What is expected — Below are records; the lines starting at the one with "Colorful wooden houses" and ending at the one with "SpaceX has been" must be reproduced exactly, both included. Pictures must not appear.

::: Task material :::

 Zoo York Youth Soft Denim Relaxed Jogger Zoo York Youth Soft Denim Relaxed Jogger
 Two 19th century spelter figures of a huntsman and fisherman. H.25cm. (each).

:::
::: Task material :::

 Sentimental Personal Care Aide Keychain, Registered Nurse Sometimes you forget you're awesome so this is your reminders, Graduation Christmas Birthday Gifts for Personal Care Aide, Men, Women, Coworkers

:::
::: Task material :::

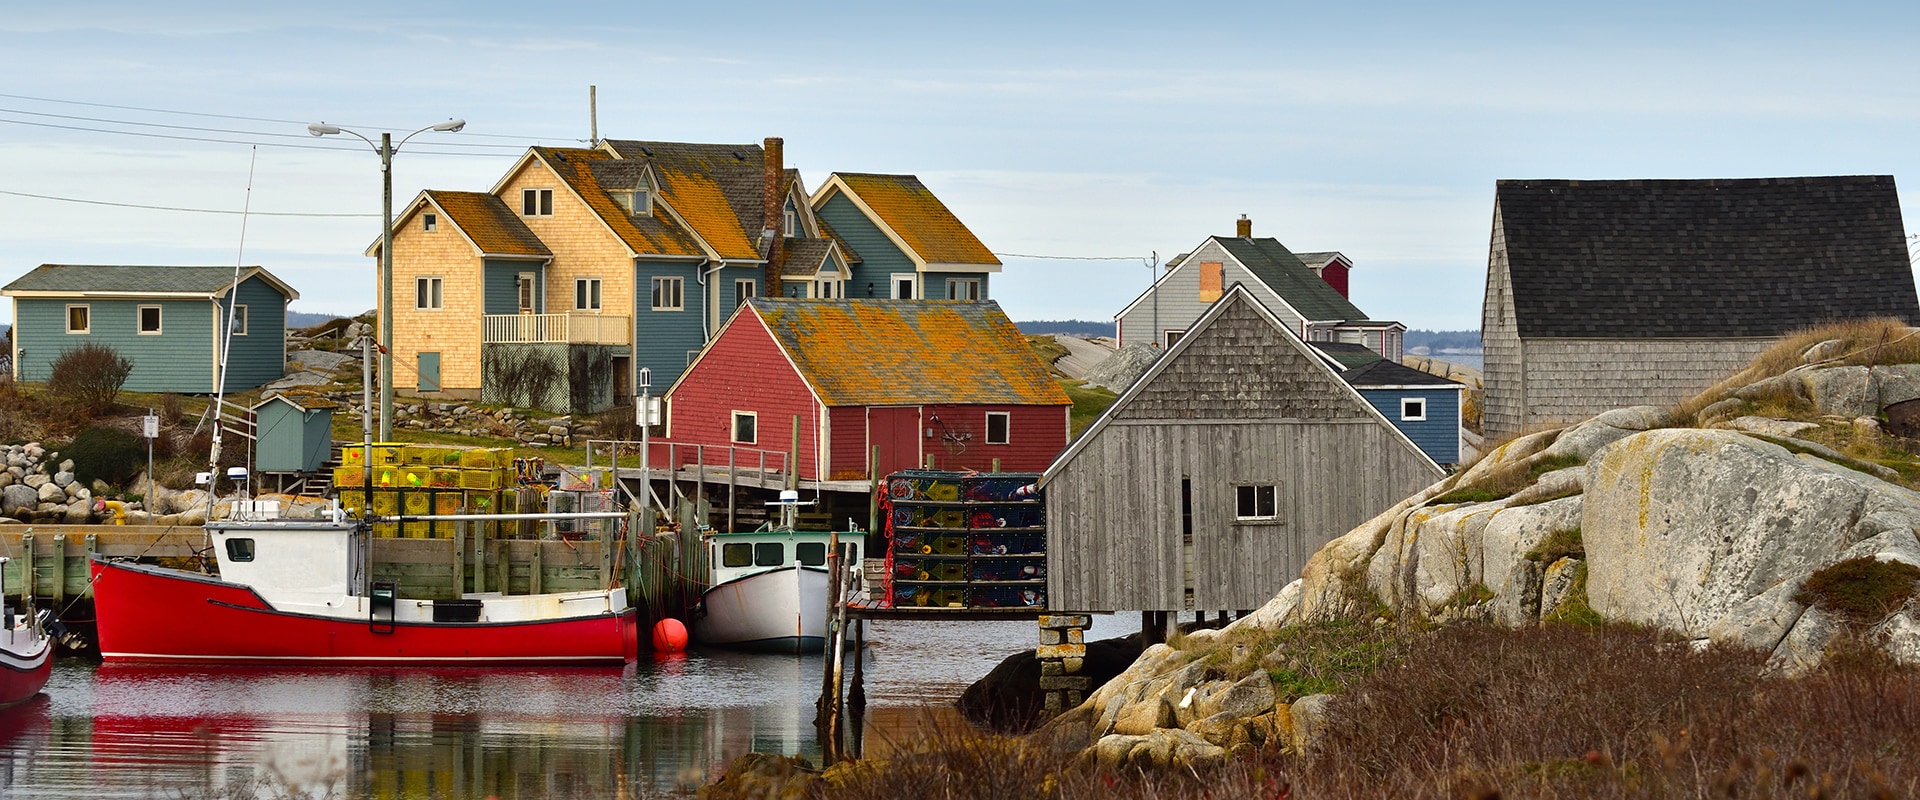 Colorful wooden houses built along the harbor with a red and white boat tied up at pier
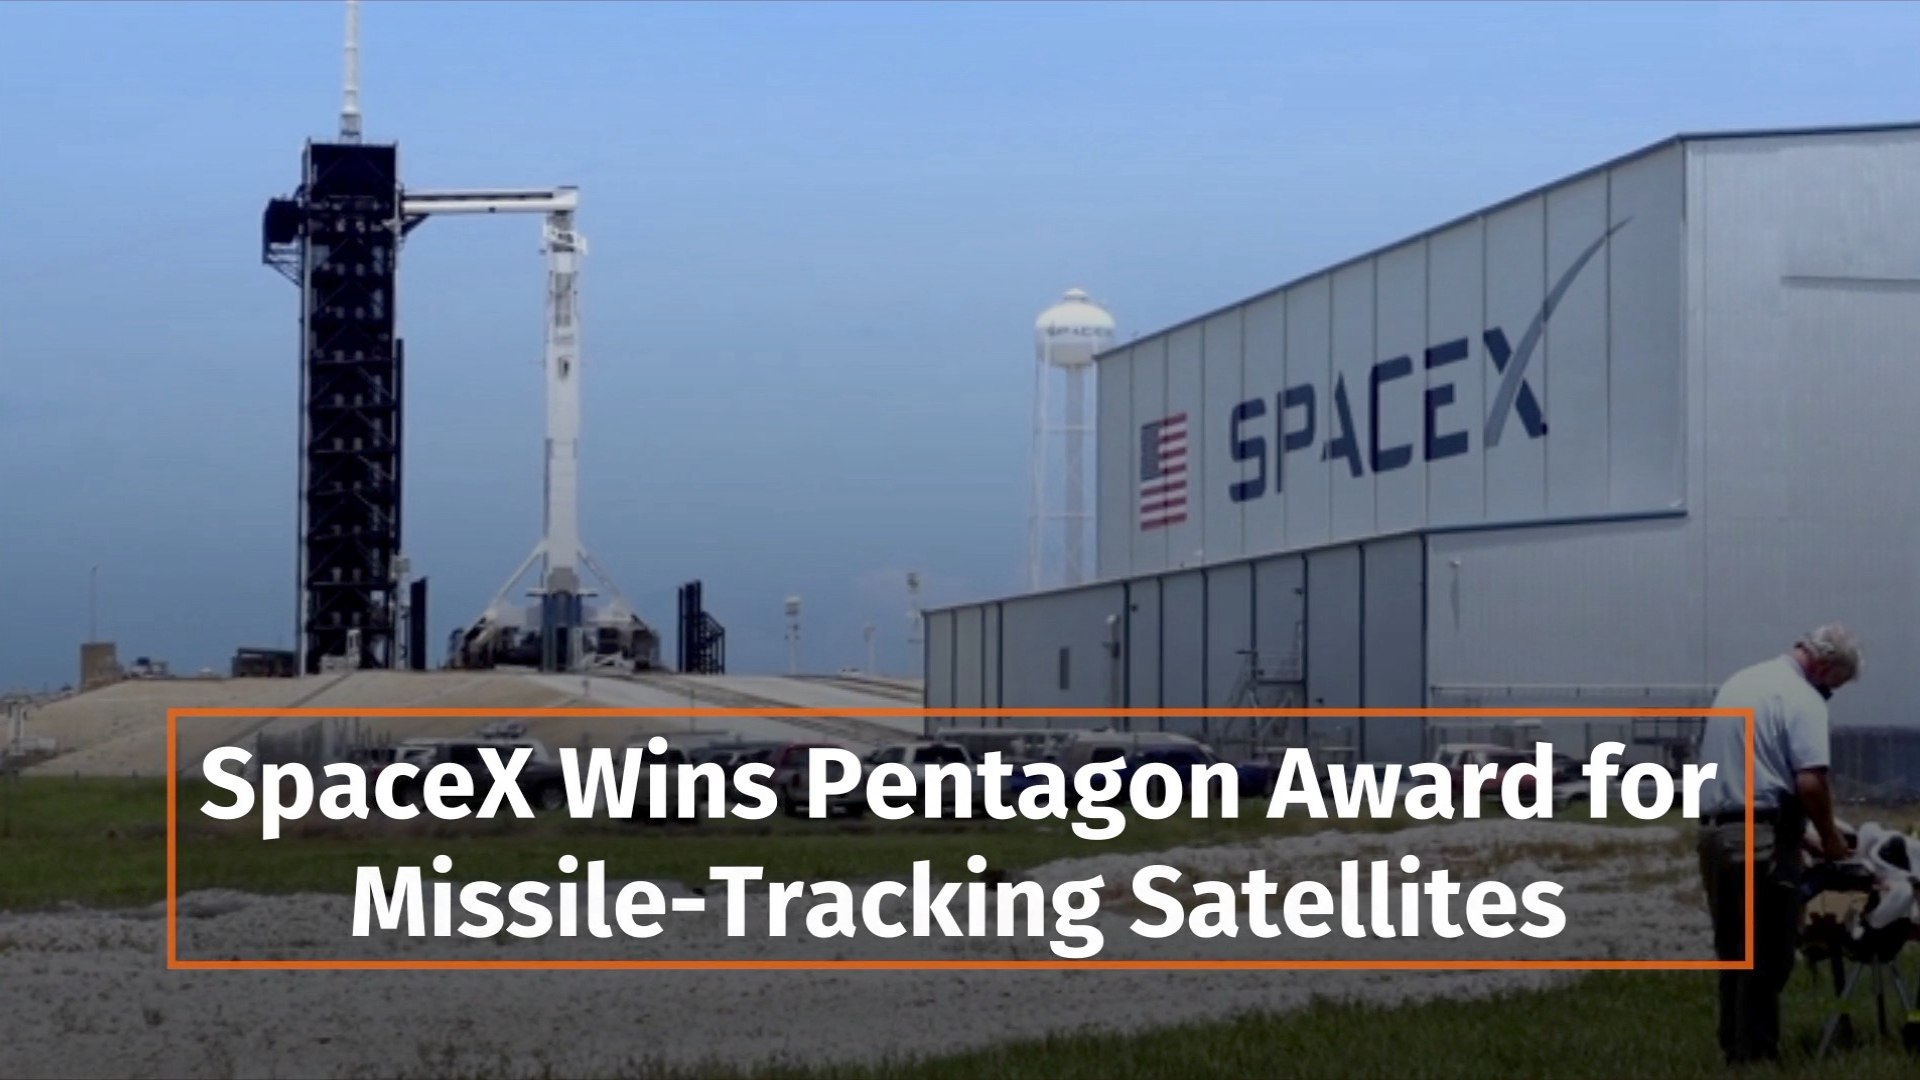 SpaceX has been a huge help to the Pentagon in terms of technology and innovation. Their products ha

:::

Solved problem —
 Colorful wooden houses built along the harbor with a red and white boat tied up at pier
 SpaceX has been a huge help to the Pentagon in terms of technology and innovation. Their products ha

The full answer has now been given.